Washington, D.C. – U.S. Senate Republican Leader Mitch McConnell made the following remarks on the Senate floor regarding Senate Democrats’ plan to permanently extend the debt ceiling:
“Politicians regularly come to Washington promising fiscal responsibility. But too often, they can’t agree to cut spending when it counts.
“That’s why the Budget Control Act is such a big deal. Since Congress passed the BCA with overwhelming bipartisan majorities in 2011, Washington has actually reduced the level of government spending for two years running. That’s the first time this has happened since the Korean War.
“The BCA savings are such a big deal, in fact, that the President campaigned on it endlessly in 2012. He bragged about the bipartisan cuts in Colorado and Iowa. He trumpeted the reductions from coast to coast, telling audiences from California to Baltimore that he, quote, ‘signed $2 trillion of spending cuts into law.’
“As our Democrat friends like to say these days, elections matter. And the President explicitly staked his re-election on the back of these bipartisan cuts.
“I mean, just look at the exit polls from November. A majority of Americans said that government was doing too much. About two-thirds said raising taxes to cut the deficit was a non-starter. And compared to Obamacare, which more voters actually said they wanted to repeal, these levels of support are striking.
“So if our friends on the other side want to keep trying to claim an electoral mandate for retaining Obamacare – contradicted by the facts as they might be – well, using their own logic, we’d then have to call the mandate for reducing the size of government a ‘super mandate.’
“That’s why their new plan to undo the cuts the President campaigned on and increase the debt is so outrageous.

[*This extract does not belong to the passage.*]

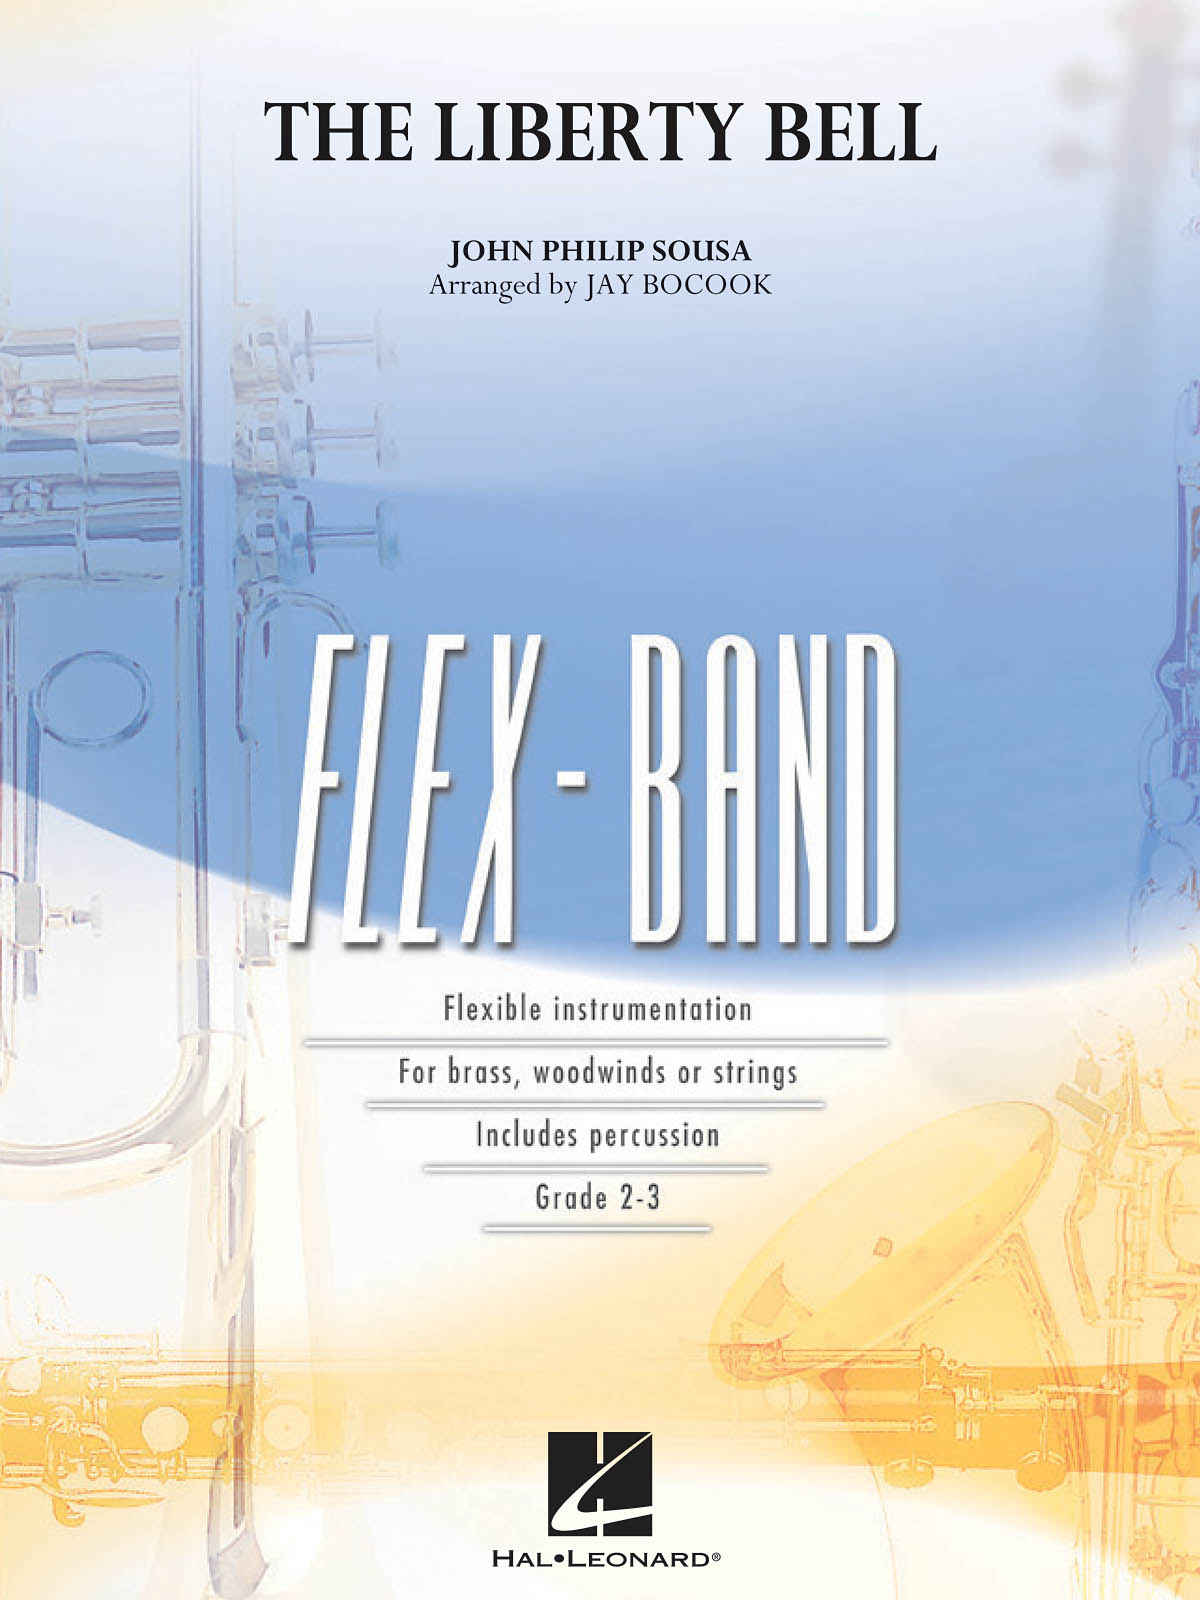 John Philip Sousa: The Liberty Bell (flexband): Concert Band: Score

“We hear that the Senior Senator from New York will soon announce a proposal to give the President permanent power to borrow more.
“In other words, he wants to extend the debt ceiling permanently by going around Congress. Let me repeat that: the so-called ‘Schumer-Obama Plan’ is a plan to permanently hand the President a credit card without spending limits, and without lifting a finger to address the national debt.
“It’s outrageous.
“Especially when you consider that our debt is now about $17 trillion, which makes us look a lot like a European country. We have to get our debt under control before we move any further down the road to Greece and Spain. And time is not on our side.
“Now, I hear that the Senator from New York is going to try and sell his proposal as a quote-unquote ‘McConnell Plan.’ I appreciate the attempt at a PR gimmick here, but there are two huge differences between the ‘Schumer-Obama Plan’ and what I’ve proposed in the past.
“First, ‘Schumer-Obama’ would raise the debt ceiling permanently. I reject that idea entirely.
“And second, unlike ‘Schumer-Obama,’ I believe that increases in the debt ceiling should be accompanied by reforms. That’s just what we did in 2011, when Congress raised the debt ceiling in return for enacting $2 trillion in bipartisan spending control – the spending control the President campaigned on endlessly.
“That’s the real ‘McConnell Plan.’ And if the Senator from New York is interested in working with me to enact another $2 trillion in bipartisan cuts, then let’s get down to brass tacks. The American people would love to see us working in a bipartisan way to help them.
“But if he insists on pushing this ‘Schumer-Obama Plan,’ he’s not going to find any dance partners on this side of the aisle.
“Because handing the President a permanent blank check, increasing the size of government, and trying to overturn the most significant bipartisan accomplishment of the Obama years – well, that’s just a non-starter.
“Our debt is a serious problem. I know Kentuckians think so. Like Americans all across the country, they understand it’s completely unsustainable over the long run – and they understand it’s standing in the way of jobs and economic growth today.
“So let’s shelve the gimmicks and the blank checks and get to work on more bipartisan plans to get spending under control.
“That’s what our constituents expect.”